Children of Turkish Immigrants in Germany and the Netherlands: The Impact of Differences in Vocational and Academic Tracking Systems
by Maurice Crul & Jens Schneider — 2009
Background/Context: Much research is being done on Turkish immigrants and their children in Germany and the Netherlands, but almost always from a national perspective. To compare the situation, for example, regarding educational outcomes across the two countries has proved to be very difficult because of different sets, selection criteria, and time periods for statistical data on immigrant populations. However, those data, which are actually available and comparable to at least some degree, already show how strongly the differences in educational attainment and labor market integration of Turkish immigrants depend on structural and systemic differences in the ways that education is organized in Germany and the Netherlands.
Purpose/Objective/Research Question/Focus of Study: The article analyzes available data on young Turkish immigrants and native-born second generations and their educational success in the two countries with the major Turkish populations in Western Europe. It aims to direct the focus away from group background characteristics, which are actually quite similar, to the influence of institutional arrangements and the way that the educational system facilitates (or not) the educational integration of Turkish youth.
Research Design: The article is based on publicly collected and available data on the Turkish populations in Germany and the Netherlands. This mainly refers to the Dutch SPVA surveys and the German micro-census and Integration Survey.

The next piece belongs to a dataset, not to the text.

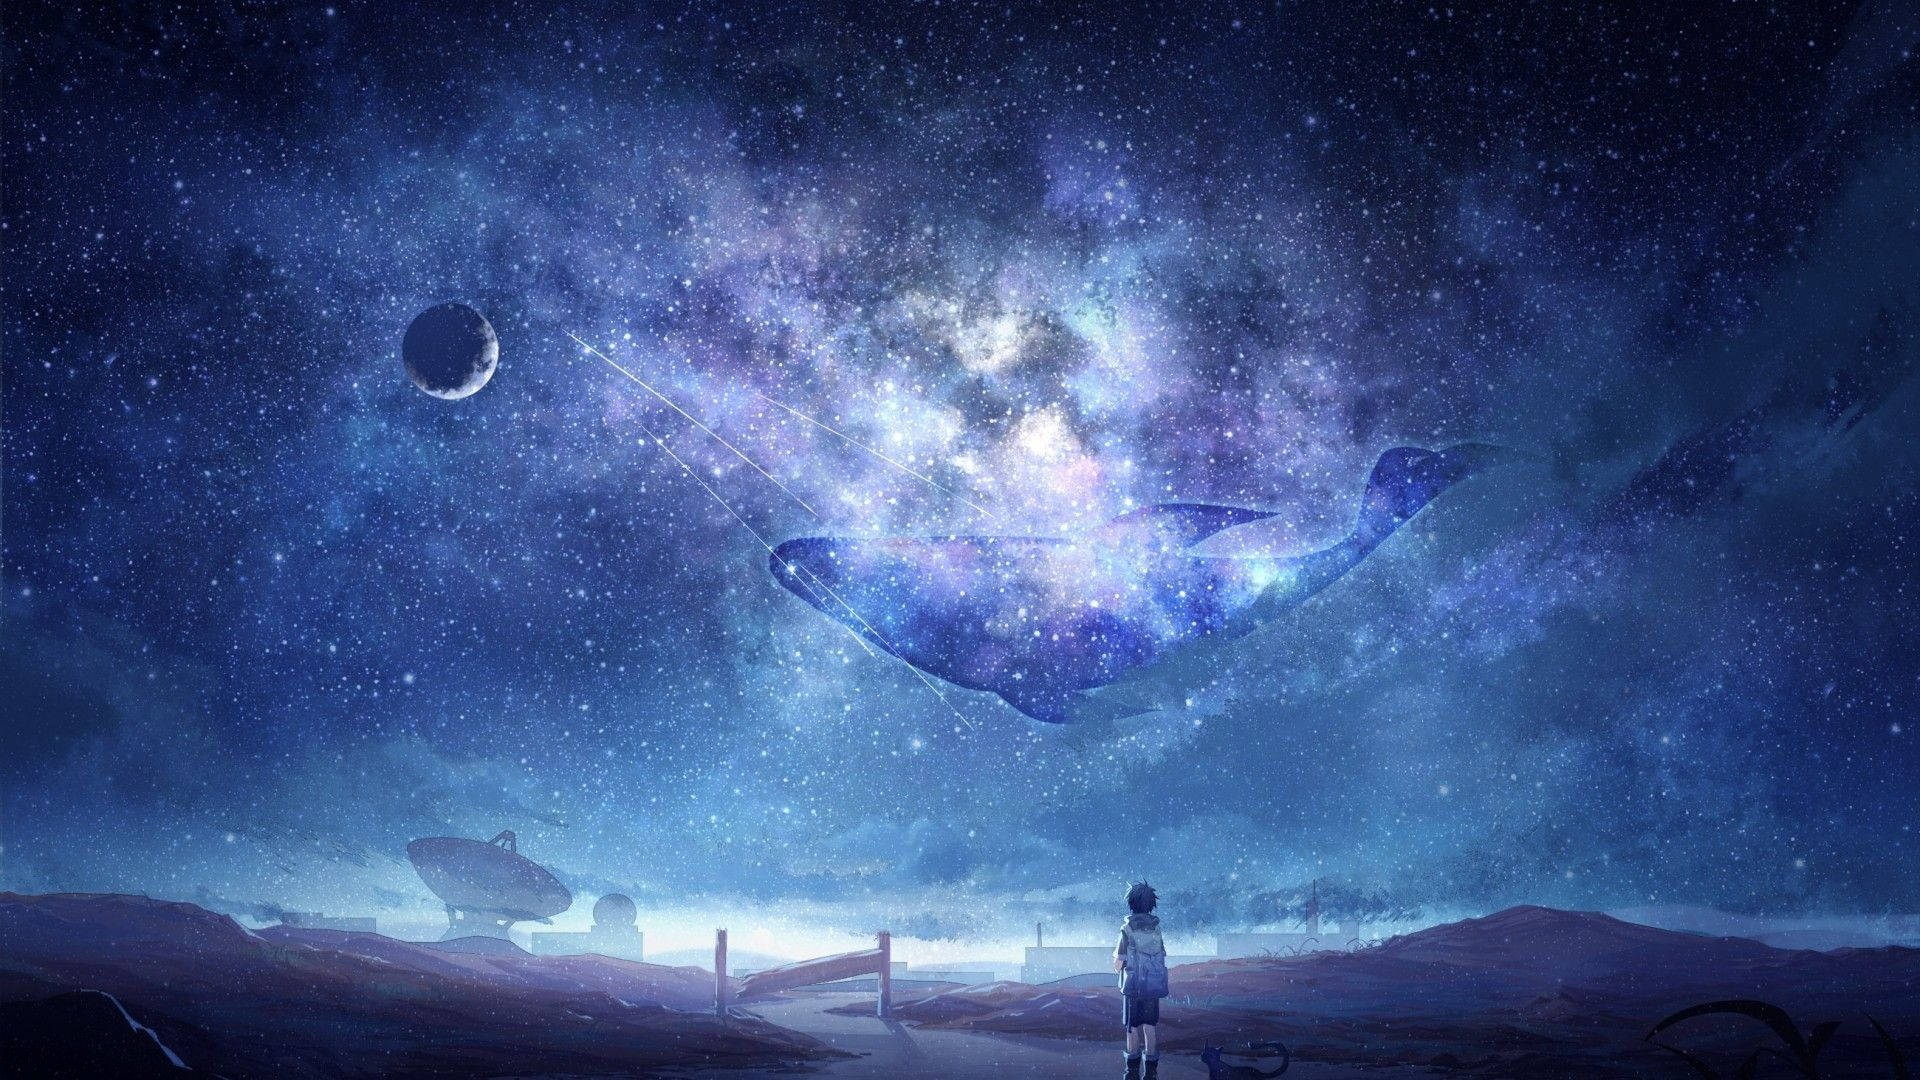 Anime Night Sky Wallpaper - hình nền anime đêm sao: Hình nền anime đêm sao sẽ đưa bạn vào một thế giới đầy mộng mơ và lãng mạn. Bạn sẽ thấy những nhân vật anime yêu thích của mình trông tuyệt vời khi xuất hiện trên nền trời đầy sao băng.

Conclusions/Recommendations: The findings show that more than group characteristics, systemic and institutional factors can have a decisive role in promoting or hampering the educational and labor market integration of young immigrants and the native-born second generation. The greater openness of the Dutch school system to provide “long routes” and “second chances” shows its effect in significantly higher shares of Turks in higher education. On the other side, the dual system of vocational training in Germany seems to be better suited for labor market integration, especially because apprenticeships are more practice oriented and do count as work experience for later application procedures. The Dutch system also offers better opportunities for girls than does the German system. Yet, the polarization effect between “high achievement” and “failure” of only partial integration success is greater in the Netherlands, whereas the overall advancement is slower, but also less polarizing, in Germany. In this sense, each country could learn something from its neighbor regarding those aspects of the institutional and systemic setting that apparently fail to do the job well enough.